# Aim of the exercise:
Exactly retype the lines below from the one containing "Nick as Batman's The Joker" through the end of the listing. Leave pictures out.

# Input data:
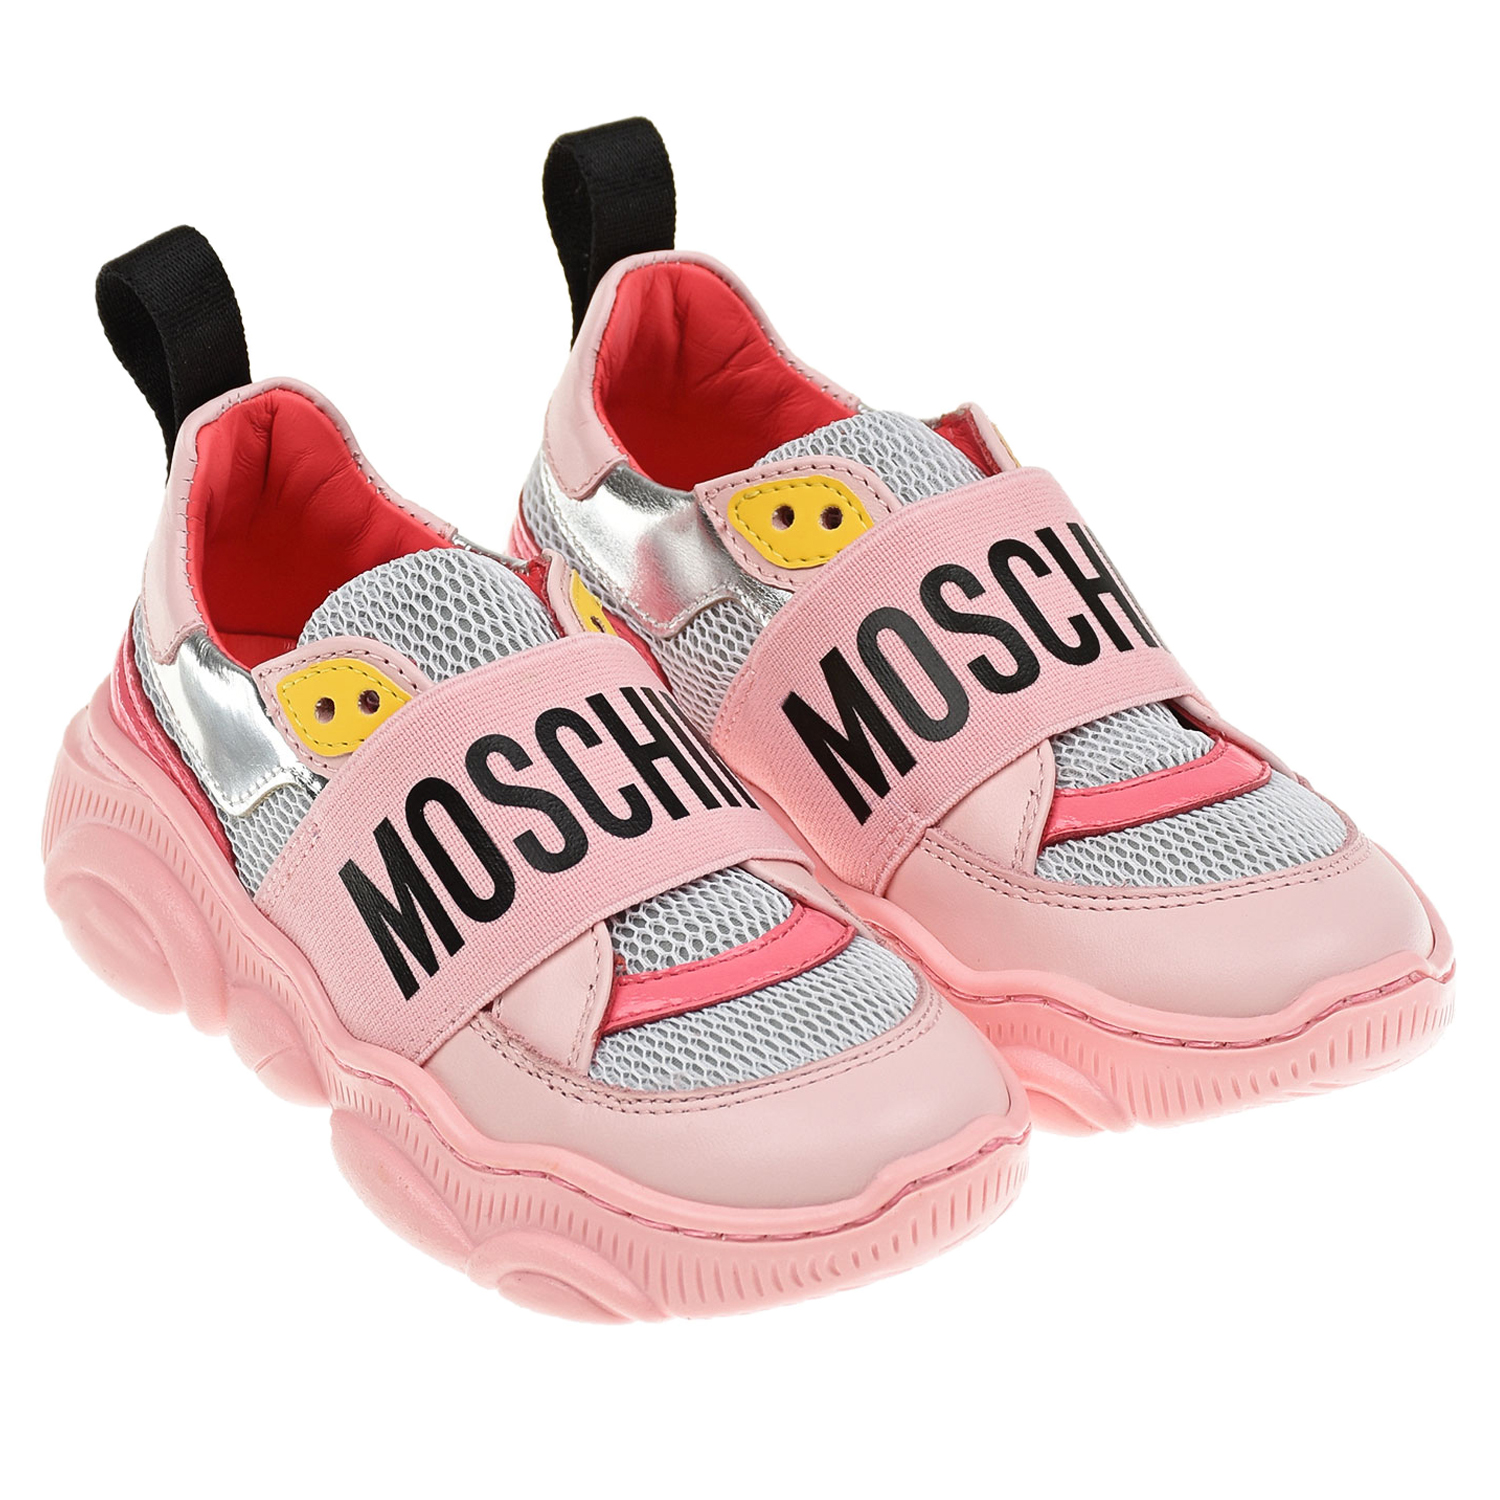 Розовые кроссовки с серебристыми вставками Moschino детские
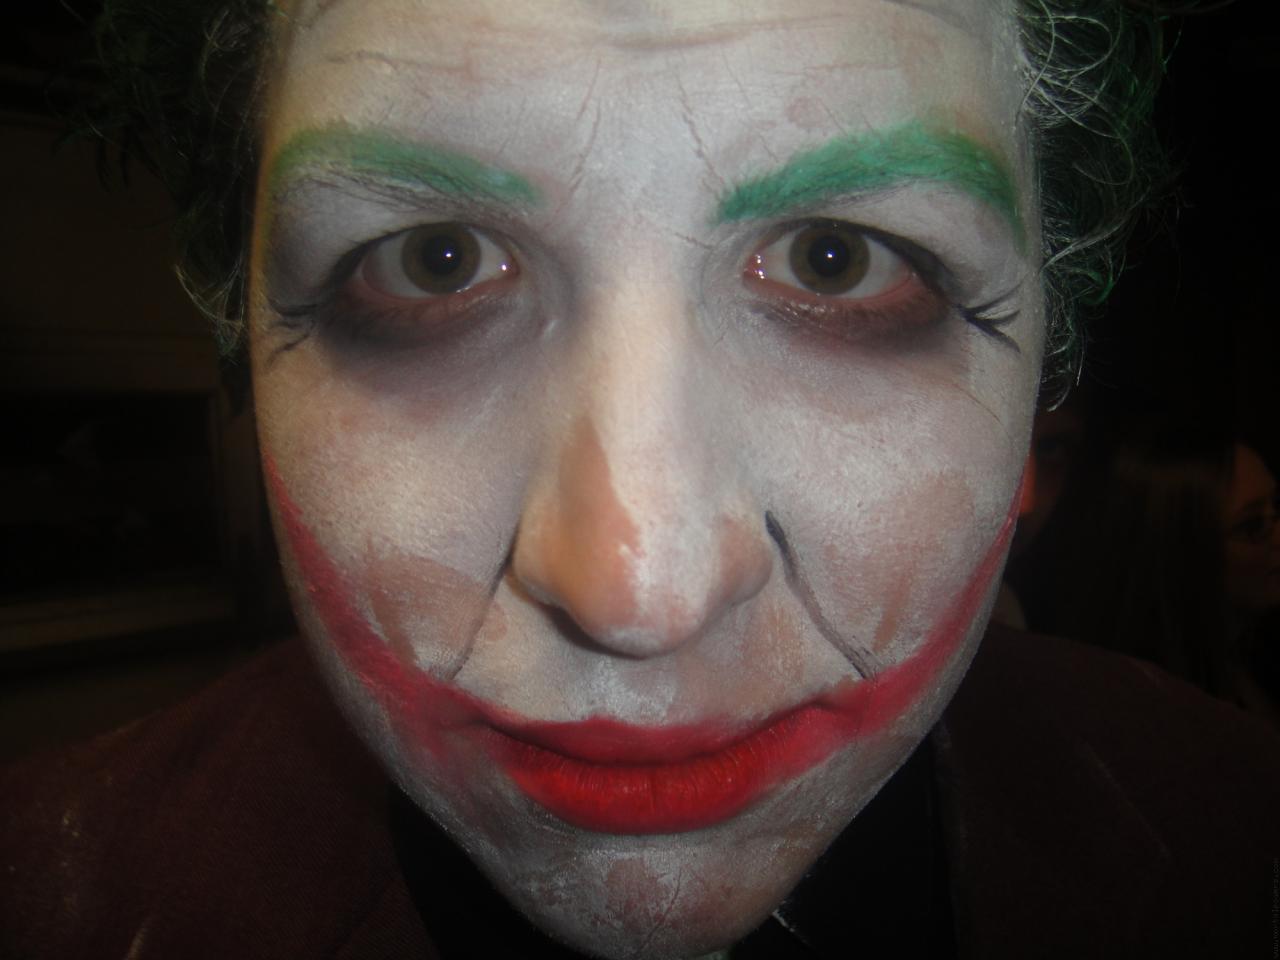 Nick as Batman's The Joker
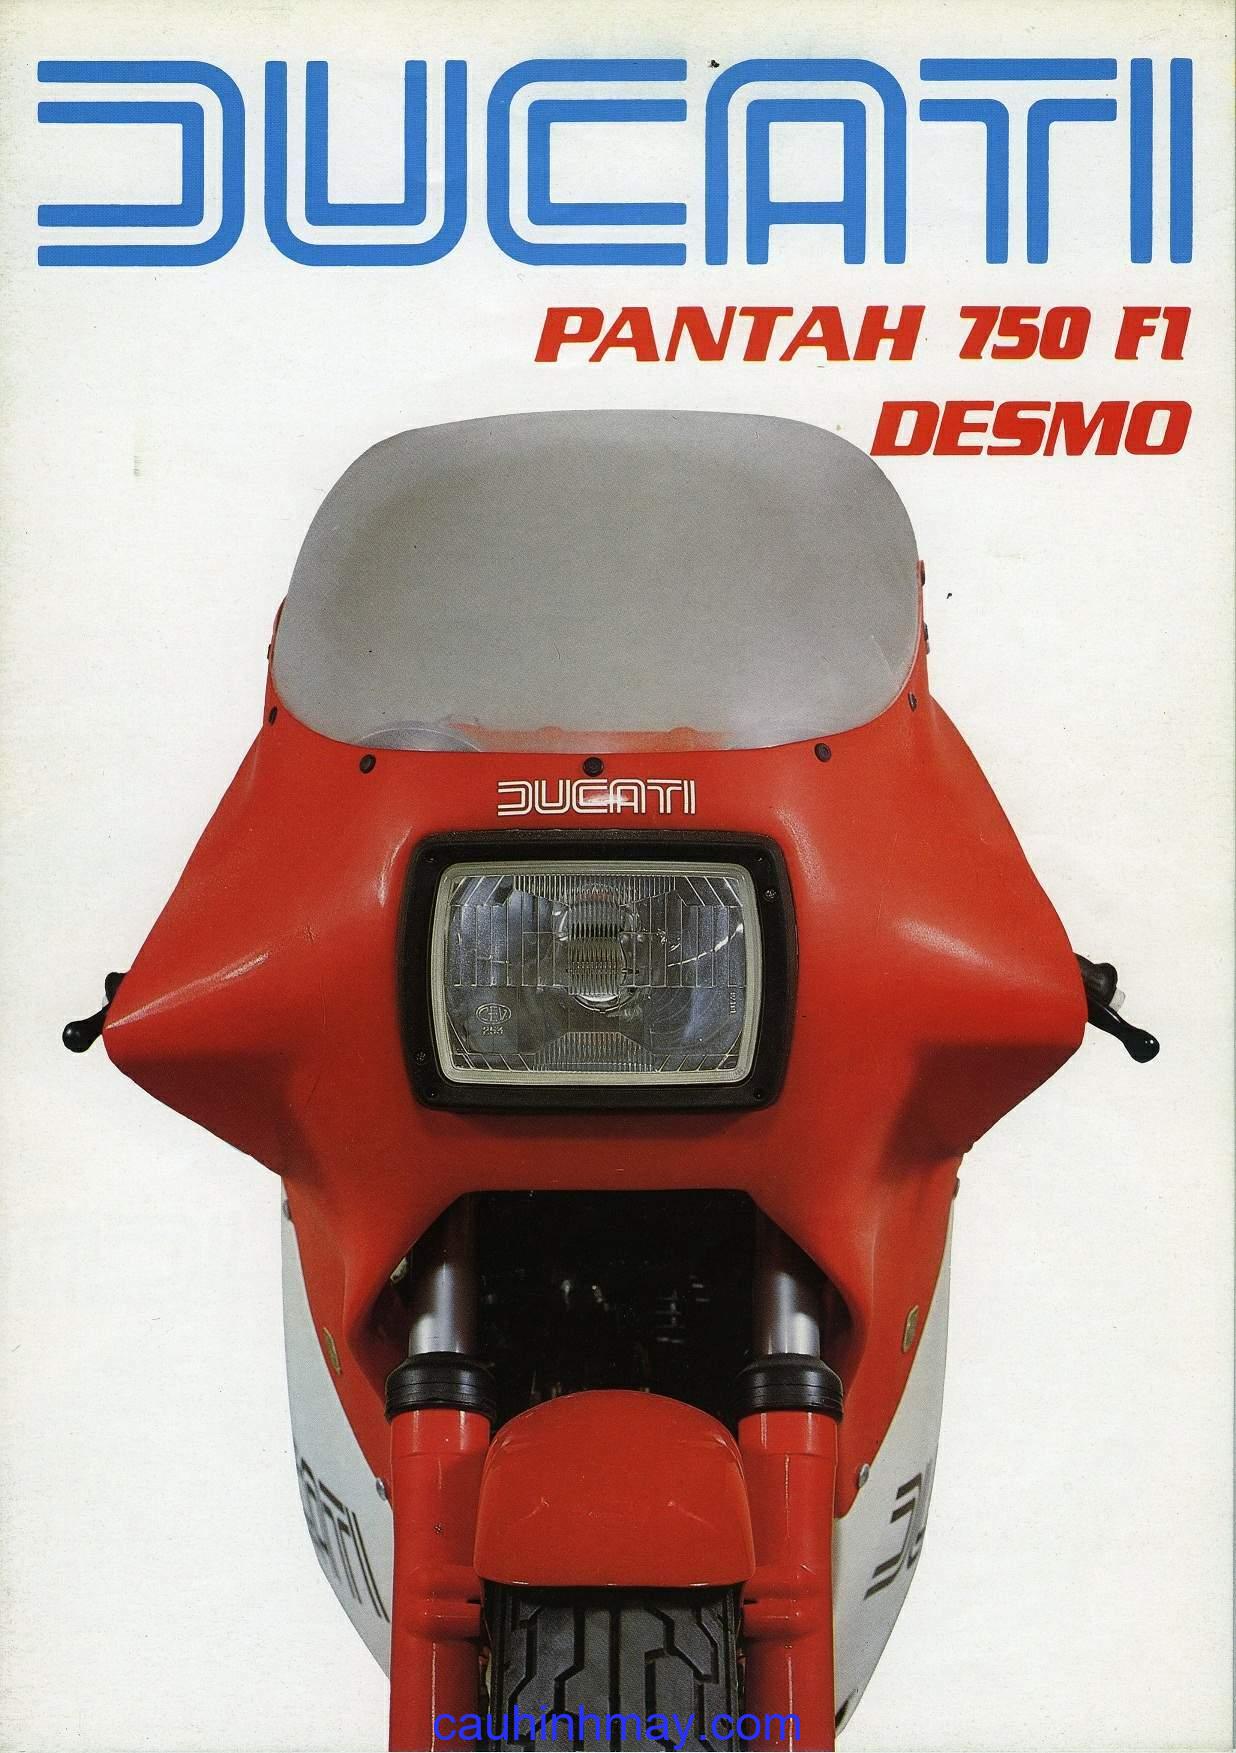 DUCATI 750 F1 PANTAH DESMO - cauhinhmay.com

# Response area:
 Nick as Batman's The Joker
 DUCATI 750 F1 PANTAH DESMO - cauhinhmay.com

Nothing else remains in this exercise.